──────── Supplied material ────────

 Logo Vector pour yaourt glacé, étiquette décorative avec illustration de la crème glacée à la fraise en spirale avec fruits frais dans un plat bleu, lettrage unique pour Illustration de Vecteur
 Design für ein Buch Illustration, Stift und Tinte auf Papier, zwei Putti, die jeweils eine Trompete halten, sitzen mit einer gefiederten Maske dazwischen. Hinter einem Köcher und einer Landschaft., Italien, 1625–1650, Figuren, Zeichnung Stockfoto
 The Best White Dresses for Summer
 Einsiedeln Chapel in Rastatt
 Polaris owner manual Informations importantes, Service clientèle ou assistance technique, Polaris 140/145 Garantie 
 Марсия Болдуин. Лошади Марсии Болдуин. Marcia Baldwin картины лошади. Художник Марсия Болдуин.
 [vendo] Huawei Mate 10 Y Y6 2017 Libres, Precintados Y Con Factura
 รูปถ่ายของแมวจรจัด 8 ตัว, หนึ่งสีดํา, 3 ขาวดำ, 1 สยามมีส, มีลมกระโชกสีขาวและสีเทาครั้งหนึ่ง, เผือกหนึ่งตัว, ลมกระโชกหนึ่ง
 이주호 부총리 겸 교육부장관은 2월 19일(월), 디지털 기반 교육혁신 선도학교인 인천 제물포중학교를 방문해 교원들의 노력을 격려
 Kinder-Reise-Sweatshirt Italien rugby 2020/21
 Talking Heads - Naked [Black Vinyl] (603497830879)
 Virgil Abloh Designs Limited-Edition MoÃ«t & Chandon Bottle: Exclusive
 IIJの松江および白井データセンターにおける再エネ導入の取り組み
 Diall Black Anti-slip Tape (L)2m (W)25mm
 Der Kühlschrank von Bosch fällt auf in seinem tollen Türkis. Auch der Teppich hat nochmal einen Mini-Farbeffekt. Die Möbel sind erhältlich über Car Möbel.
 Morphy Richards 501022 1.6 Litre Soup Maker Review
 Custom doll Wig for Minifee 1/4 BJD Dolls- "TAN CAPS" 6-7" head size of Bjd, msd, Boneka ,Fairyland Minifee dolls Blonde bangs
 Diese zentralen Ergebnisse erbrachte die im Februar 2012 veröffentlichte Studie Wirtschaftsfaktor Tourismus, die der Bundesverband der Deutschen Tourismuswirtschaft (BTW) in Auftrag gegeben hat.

────────

Copy out the entire listing word for word. Keep every line as it is.

__Result of the task__.
 Logo Vector pour yaourt glacé, étiquette décorative avec illustration de la crème glacée à la fraise en spirale avec fruits frais dans un plat bleu, lettrage unique pour Illustration de Vecteur
 Design für ein Buch Illustration, Stift und Tinte auf Papier, zwei Putti, die jeweils eine Trompete halten, sitzen mit einer gefiederten Maske dazwischen. Hinter einem Köcher und einer Landschaft., Italien, 1625–1650, Figuren, Zeichnung Stockfoto
 The Best White Dresses for Summer
 Einsiedeln Chapel in Rastatt
 Polaris owner manual Informations importantes, Service clientèle ou assistance technique, Polaris 140/145 Garantie 
 Марсия Болдуин. Лошади Марсии Болдуин. Marcia Baldwin картины лошади. Художник Марсия Болдуин.
 [vendo] Huawei Mate 10 Y Y6 2017 Libres, Precintados Y Con Factura
 รูปถ่ายของแมวจรจัด 8 ตัว, หนึ่งสีดํา, 3 ขาวดำ, 1 สยามมีส, มีลมกระโชกสีขาวและสีเทาครั้งหนึ่ง, เผือกหนึ่งตัว, ลมกระโชกหนึ่ง
 이주호 부총리 겸 교육부장관은 2월 19일(월), 디지털 기반 교육혁신 선도학교인 인천 제물포중학교를 방문해 교원들의 노력을 격려
 Kinder-Reise-Sweatshirt Italien rugby 2020/21
 Talking Heads - Naked [Black Vinyl] (603497830879)
 Virgil Abloh Designs Limited-Edition MoÃ«t & Chandon Bottle: Exclusive
 IIJの松江および白井データセンターにおける再エネ導入の取り組み
 Diall Black Anti-slip Tape (L)2m (W)25mm
 Der Kühlschrank von Bosch fällt auf in seinem tollen Türkis. Auch der Teppich hat nochmal einen Mini-Farbeffekt. Die Möbel sind erhältlich über Car Möbel.
 Morphy Richards 501022 1.6 Litre Soup Maker Review
 Custom doll Wig for Minifee 1/4 BJD Dolls- "TAN CAPS" 6-7" head size of Bjd, msd, Boneka ,Fairyland Minifee dolls Blonde bangs
 Diese zentralen Ergebnisse erbrachte die im Februar 2012 veröffentlichte Studie Wirtschaftsfaktor Tourismus, die der Bundesverband der Deutschen Tourismuswirtschaft (BTW) in Auftrag gegeben hat.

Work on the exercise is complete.